__DESCRIPTION OF THE TASK__.
Take the lines below from the one with "A beautiful young" through the one with "Toddler Baby Girl" and print only them, exactly. Don't print the pictures.

__RECORDS SUPPLIED__.
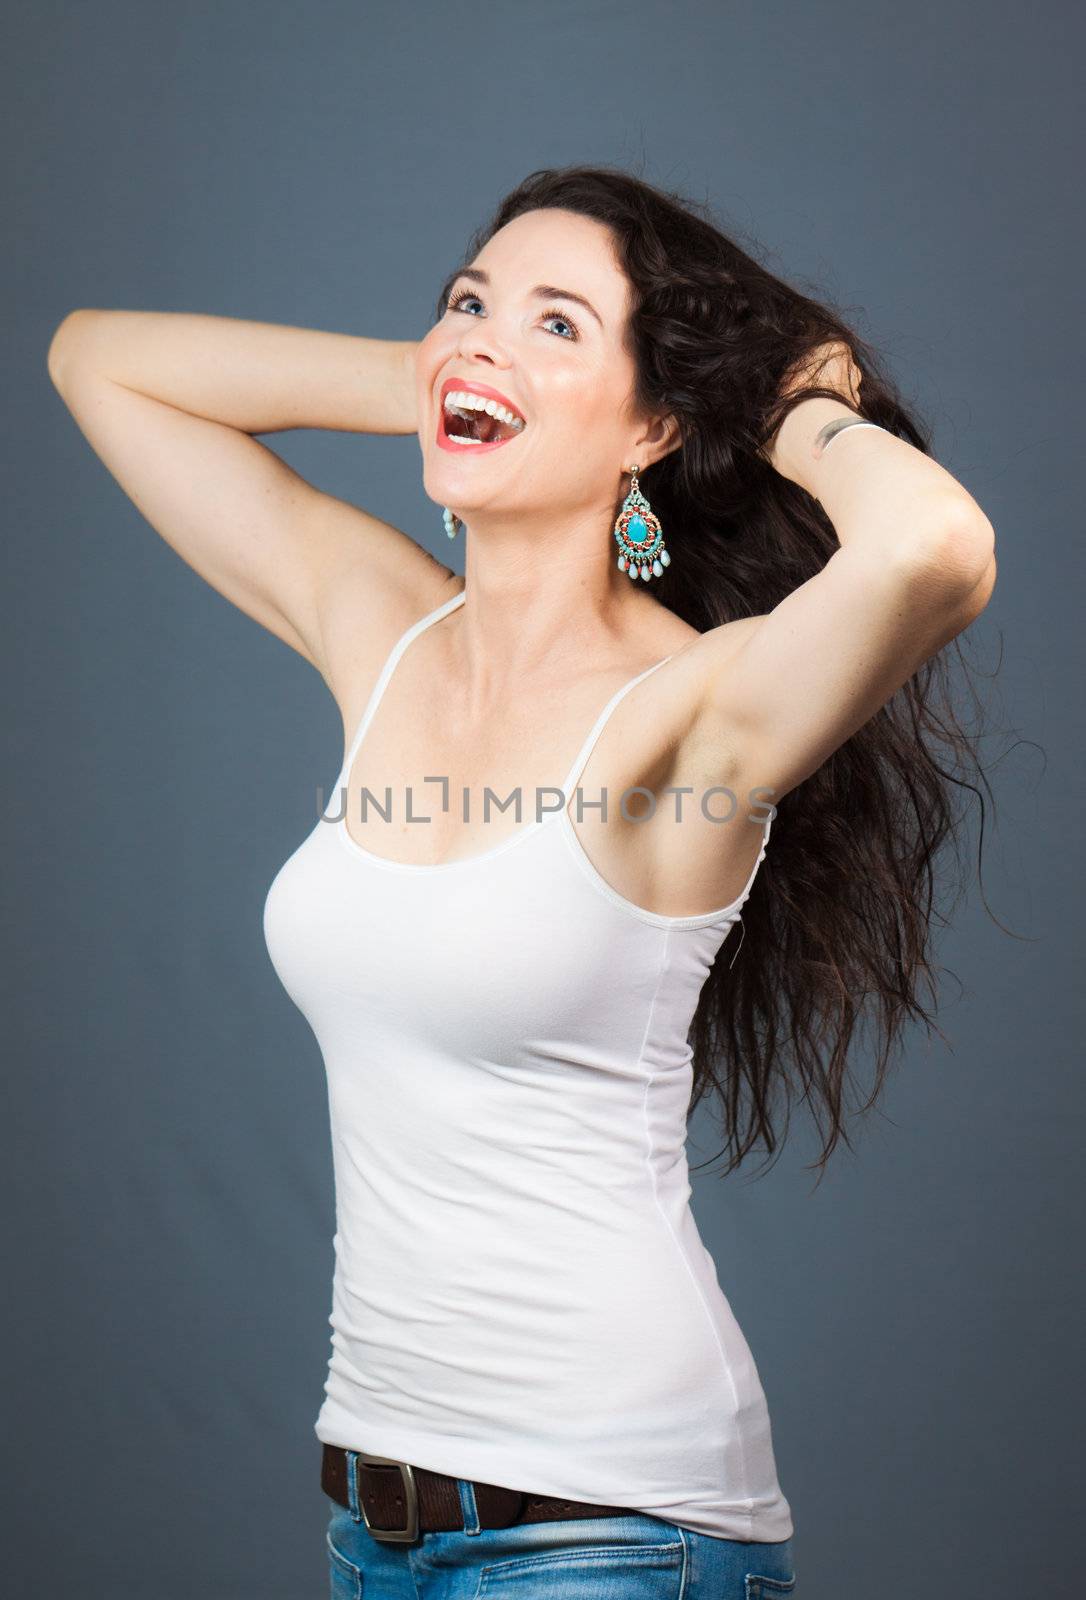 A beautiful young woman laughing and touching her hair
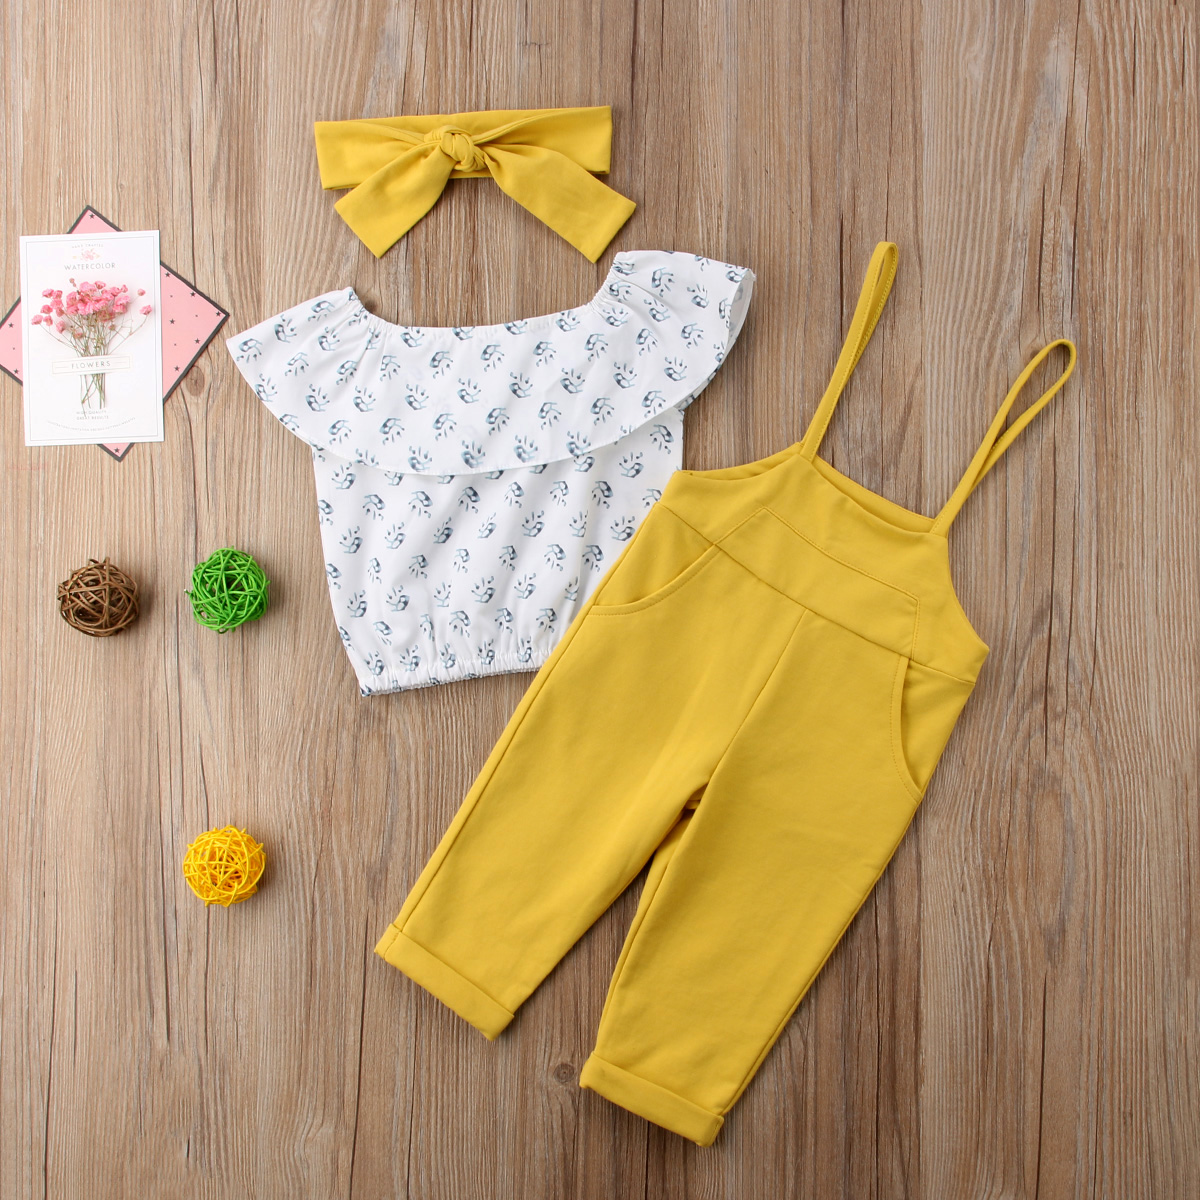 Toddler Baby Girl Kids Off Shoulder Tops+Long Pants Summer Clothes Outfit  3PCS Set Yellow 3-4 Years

==

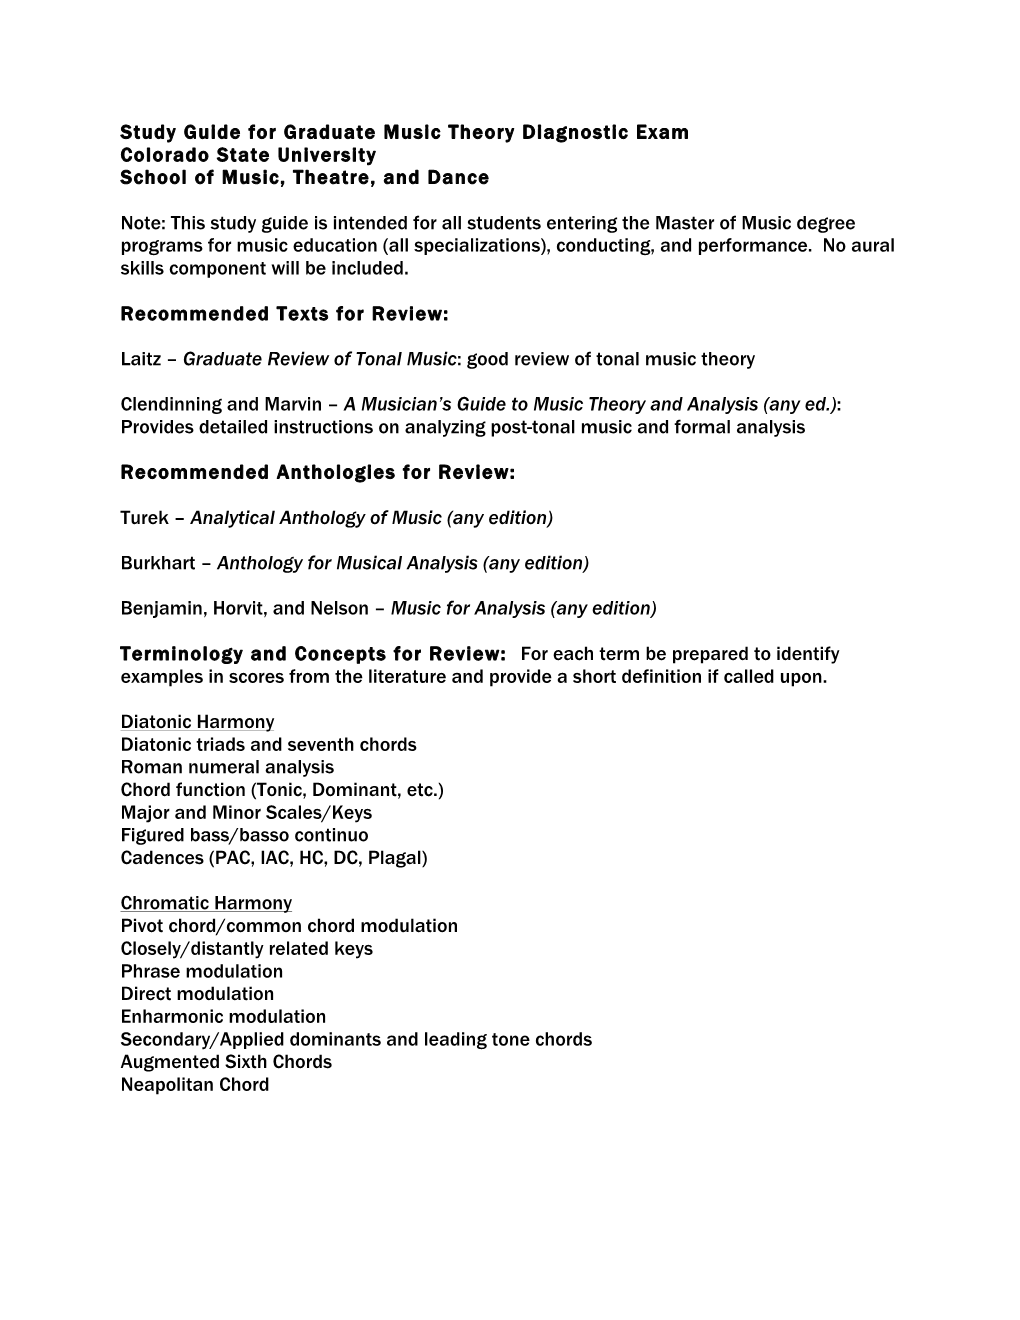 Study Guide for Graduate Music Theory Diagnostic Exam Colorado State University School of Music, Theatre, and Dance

* * *

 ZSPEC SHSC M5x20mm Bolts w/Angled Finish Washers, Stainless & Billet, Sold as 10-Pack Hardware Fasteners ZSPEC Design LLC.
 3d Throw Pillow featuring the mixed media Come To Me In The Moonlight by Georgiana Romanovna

__EXPECTED OUTPUT__.
 A beautiful young woman laughing and touching her hair
 Toddler Baby Girl Kids Off Shoulder Tops+Long Pants Summer Clothes Outfit  3PCS Set Yellow 3-4 Years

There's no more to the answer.